Однако комитет тоже читал внимательно. Да и как было не заметить такие слова: «Вы хотите новых романов, хотите ученых статей, хотите умных рецензий и критик? Но подумали ли вы хотя раз о положении вашей литературы, вашей журналистики?.. Кто нынче пишет? Нынче решительно век книгоненавидения». Дальше говорилось, что «в самом воздухе» появилось нечто, «развивающее в писателях новый недуг, угрожающий гибелью литературе, журналистике, типографиям, книгопечатанию». И наконец, отмечалось, что все это стало особенно заметно с появлением эпидемии холеры.
Последние слова были понятны тем, кто знал, что случаи холеры в Петербурге были обнаружены почти одновременно с учреждением бутурлинского комитета «2 апреля». Таким образом, деятельность комитета в рецензии «Современника» прямо связывалась с угрозой гибели литературы и «недугом книгоненавидения». Этот смелый намек и был обнаружен комитетом.
Редакторы были вызваны сначала в министерство народного просвещения, где узнали, что «тайная их мысль не осталась сокрытой от правительства»; согласно решению комитета, утвержденного царем, им объявили «строжайший выговор» со внушением: «Если бы и впредь еще они отважились на что-нибудь подобное, то будут неминуемо подвергнуты примерному взысканию».
Панаев и Некрасов расписались в прочтении «высочайшего повеления». Тогда же они получили приглашение явиться к шефу жандармов графу Орлову. Настроение их не было особенно радужным, когда они в 10 часов утра переступали порог известного здания у Цепного моста. Они были готовы ко всему. Может быть, им объявят запрещение издавать журнал? Может быть, даже арестуют?
Однако они отделались довольно легко. Вернувшись домой, Панаев и Некрасов рассказывали, что граф Орлов предупредил их: если журнал будет держаться прежнего направления, то им несдобровать. И прибавил:
— Будьте осторожны, господа, тогда я уже ничего не буду в состоянии для вас сделать.

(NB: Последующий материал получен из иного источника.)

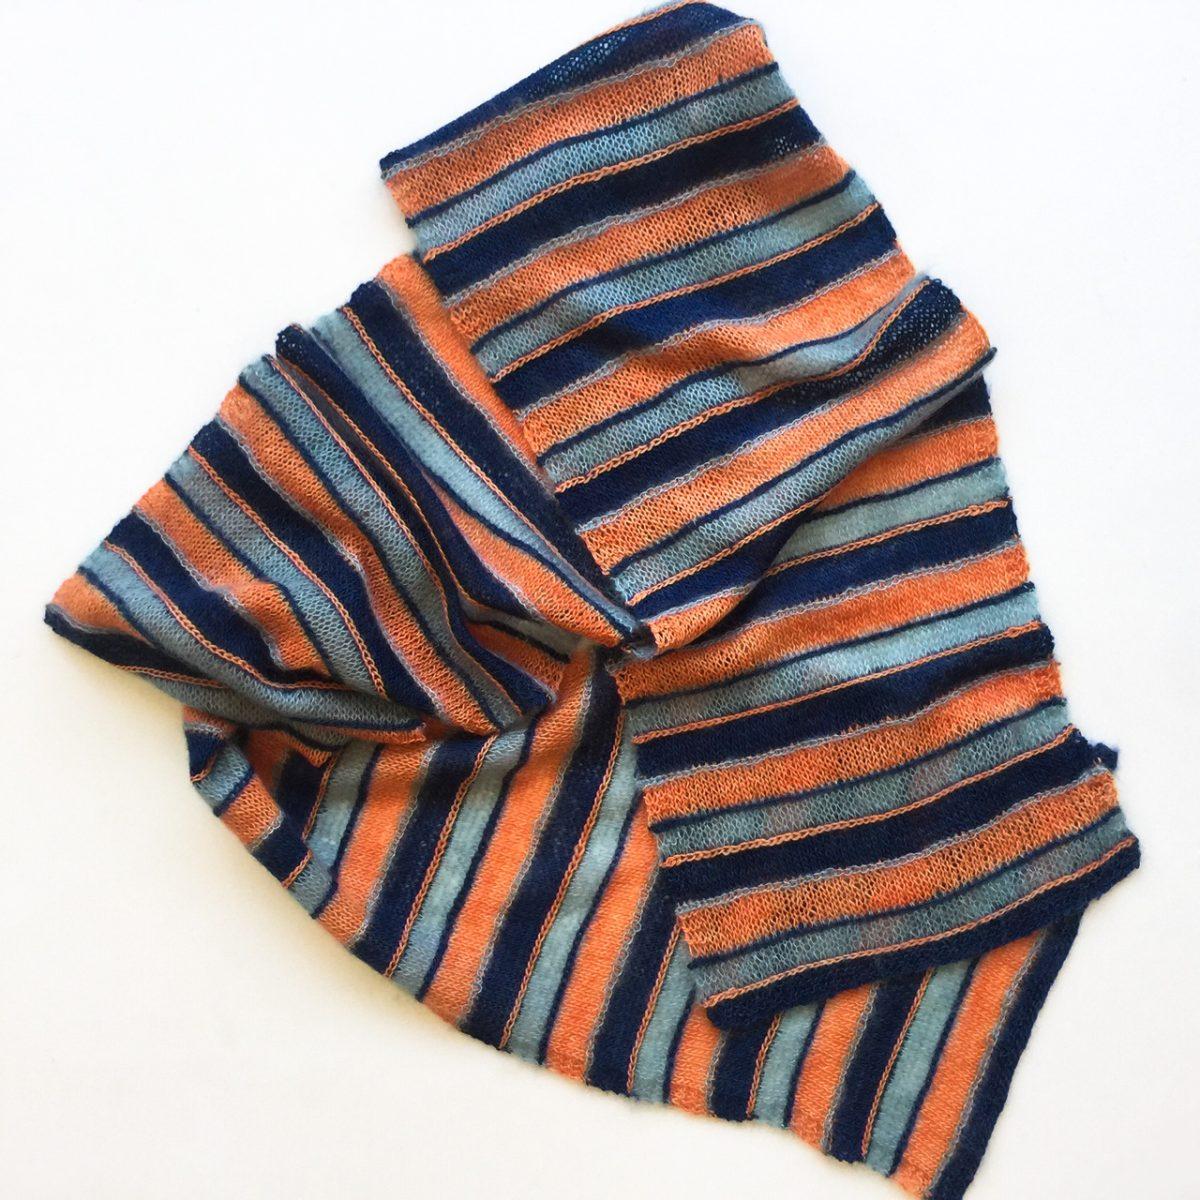 Knit stripes by Cowgirlblues

Так запомнила этот эпизод Панаева. Вполне вероятно, что Орлов, прикинувшись доброжелателем, в самом деле сказал нечто подобное, во всяком случае, позднее Некрасов подтвердил это в поэме «Недавнее время», где речь Орлова изложена так:
Но доброжелательность эта, конечно, была мнимая, дипломатическая. Едва проводив своих посетителей, Орлов тут же распорядился установить секретное наблюдение за квартирой Панаевых и Некрасова, за редакцией «Современника». В воспоминаниях Авдотьи Яковлевны сохранился подробный рассказ о том, как шестнадцатилетний мальчик, сирота, живший у нее в доме, однажды был застигнут за исполнением осведомительских функций; он признался, что «какие-то личности» припугнули его и заставили каждый день сообщать обо всем, что делается в доме. Те же несложные обязанности выполнял и дворник того дома, где помещалась редакция; об этом догадывались и старались вести себя осторожнее.
Вести журнал в такое время, в таких обстоятельствах было трудно, почти немыслимо. Отъезд за границу Герцена, ничем не вознаградимая потеря Белинского, пристальное и бдительное внимание не только органов цензуры, но и властей, вплоть до самого царя, — все это создавало впечатление безнадежности; у многих литераторов опускались руки. И если журнал еще продолжал существовать, то только по одной причине: благодаря огромной энергии, инициативе и твердой воле Некрасова.
Один из знавших его в ту пору людей вспоминает, что он оставался бодрым и неутомимым работником даже в то время, когда его ближайшие сотрудники впадали в бессильное уныние под бременем усилившейся реакции.
XI
ЕГО «ВТОРАЯ МУЗА»
В личной жизни Некрасова произошли к этому времени большие перемены. Давнее чувство его к Авдотье Яковлевне Панаевой окрепло и углубилось. Правда, оно не сразу встретило отклик с ее стороны. Прошло несколько лет, в течение которых он вел «долгу борьбу с самим собою», а она, по позднейшему свидетельству Чернышевского, «не решалась бросить мужа». Наконец (считают, что это произошло в 1848-м, но более вероятно, что в 1847 году), подталкиваемая обстоятельствами своей неудачливой семейной жизни, она решилась на это.